Spectral Mixture Linear Model of Coregionalization kernel with `Q` components and `Rq` latent functions. The SM kernel as proposed by [1] is combined with the LMC kernel as proposed by [2]. The parameters will be randomly instantiated, use `init_parameters()` to initialize the parameters to reasonable values for the current data set.
Args:
dataset (mogptk.dataset.DataSet): `DataSet` object of data for all channels.
Q (int): Number of components.
Rq (int): Number of subcomponents.
model: Gaussian process model to use, such as `mogptk.model.Exact`.
mean (mogptk.gpr.mean.Mean): The mean class.
name (str): Name of the model.
Attributes:
dataset: The associated mogptk.dataset.DataSet.
model: The mogptk.gpr.model.Model.
kernel: The mogptk.gpr.kernel.Kernel.
Examples:
>>> import numpy as np
>>> import mogptk
>>>
>>> t = np.linspace(0, 10, 100)
>>> y1 = np.sin(0.5 * t)
>>> y2 = 2.0 * np.sin(0.2 * t)
>>>
>>> dataset = mogptk.DataSet(t, [y1, y2])
>>> model = mogptk.SM_LMC(dataset, Q=2)
>>> model.init_parameters()
>>> model.train()
>>> model.predict()
>>> dataset.plot()
[1] A.G. Wilson and R.P. Adams, "Gaussian Process Kernels for Pattern Discovery and Extrapolation", International Conference on Machine Learning 30, 2013\
[2] P. Goovaerts, "Geostatistics for Natural Resource Evaluation", Oxford University Press, 1997
"""
def __init__(self, dataset, Q=1, Rq=1, model=Exact(), mean=None, name="SM-LMC"):
if not isinstance(dataset, DataSet):
dataset = DataSet(dataset)
dataset.rescale_x()
spectral = SpectralKernel(dataset.get_input_dims()[0])

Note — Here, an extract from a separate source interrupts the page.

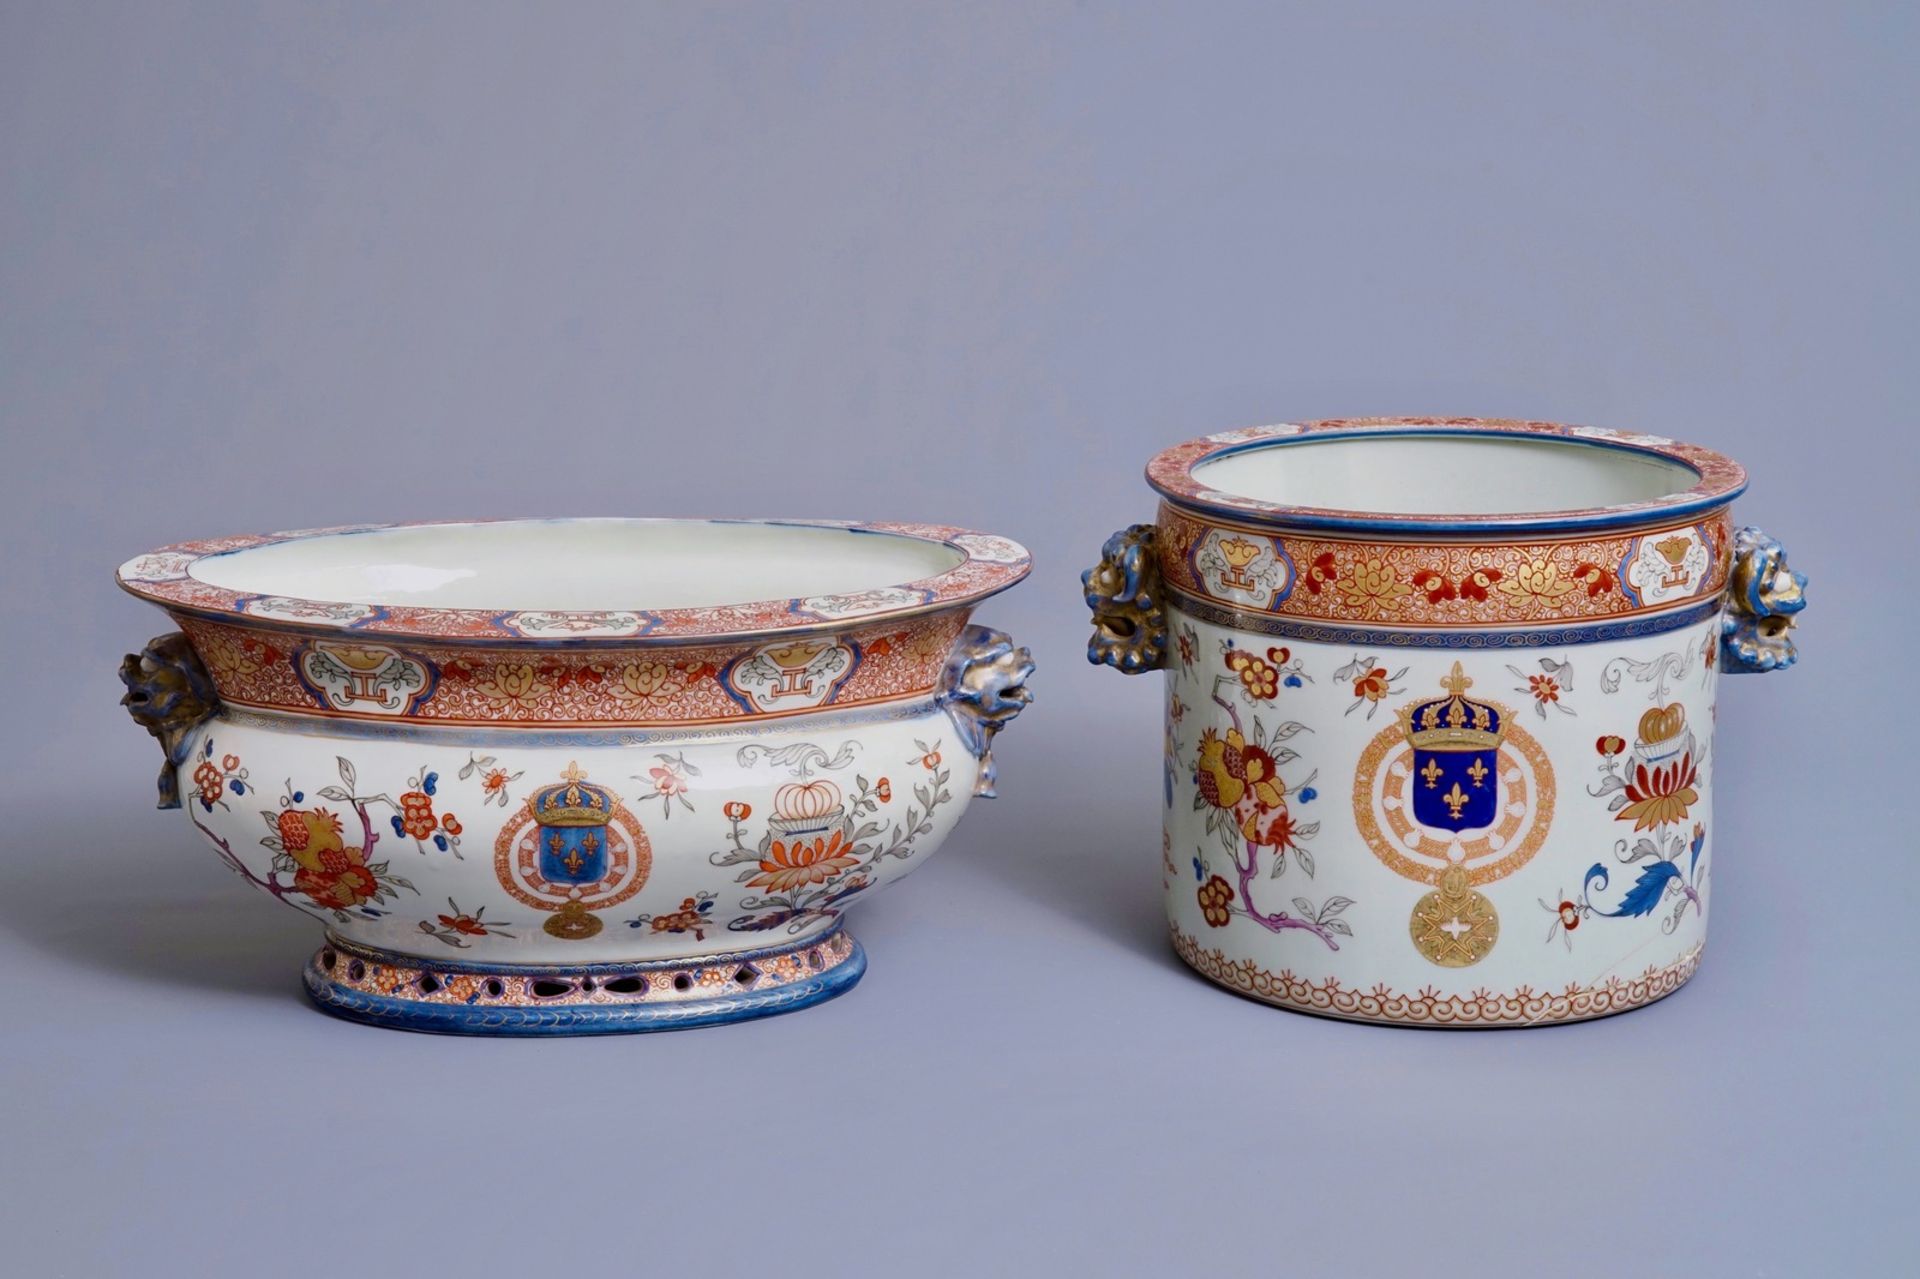 Two coolers with arms of King Louis XV of France in the Chinese export porcelain style, Samson, Pari

spectral.weight.trainable = False
kernel = LinearModelOfCoregionalizationKernel(
spectral,
output_dims=dataset.get_output_dims(),
input_dims=dataset.get_input_dims()[0],
Q=Q,
Rq=Rq)
super(SM_LMC, self).__init__(dataset, kernel, model, mean, name)
self.Q = Q
self.Rq = Rq
for q in range(Q):
self.model.kernel[q].weight.assign(1.0, trainable=False) # handled by LMCKernel
def init_parameters(self, method='BNSE', sm_init='BNSE', sm_method='Adam', sm_iters=100, sm_params={}, sm_plot=False):
"""
Estimate kernel parameters from the data set. The initialization can be done using three methods:
- BNSE estimates the PSD via Bayesian non-parametris spectral estimation (Tobar 2018) and then selecting the greater Q peaks in the estimated spectrum, and use the peak's position, magnitude and width to initialize the mean, magnitude and variance of the kernel respectively.

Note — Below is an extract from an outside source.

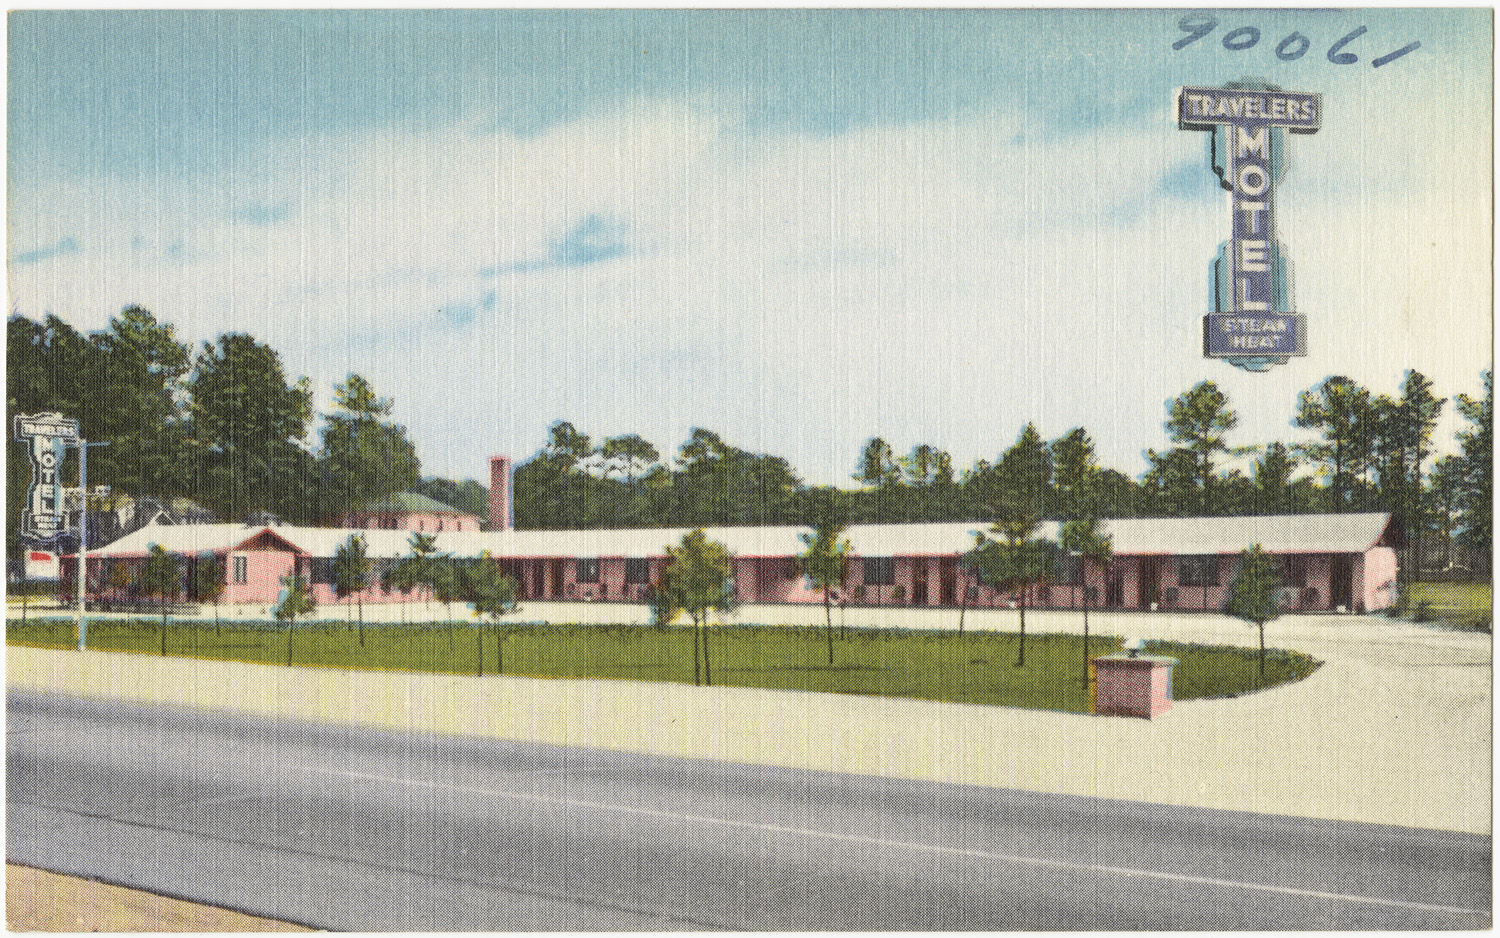 a colorful postcard of motels on the side of a street

- LS is similar to BNSE but uses Lomb-Scargle to estimate the spectrum, which is much faster but may give poorer results.
- SM fits independent Gaussian processes for each channel, each one with a spectral mixture kernel, and uses the fitted parameters as initial values for the multi-output kernel.
In all cases the noise is initialized with 1/30 of the variance of each channel.
Args:
method (str): Method of estimation, such as BNSE, LS, or SM.
sm_init (str): Parameter initialization strategy for SM initialization.
sm_method (str): Optimization method for SM initialization.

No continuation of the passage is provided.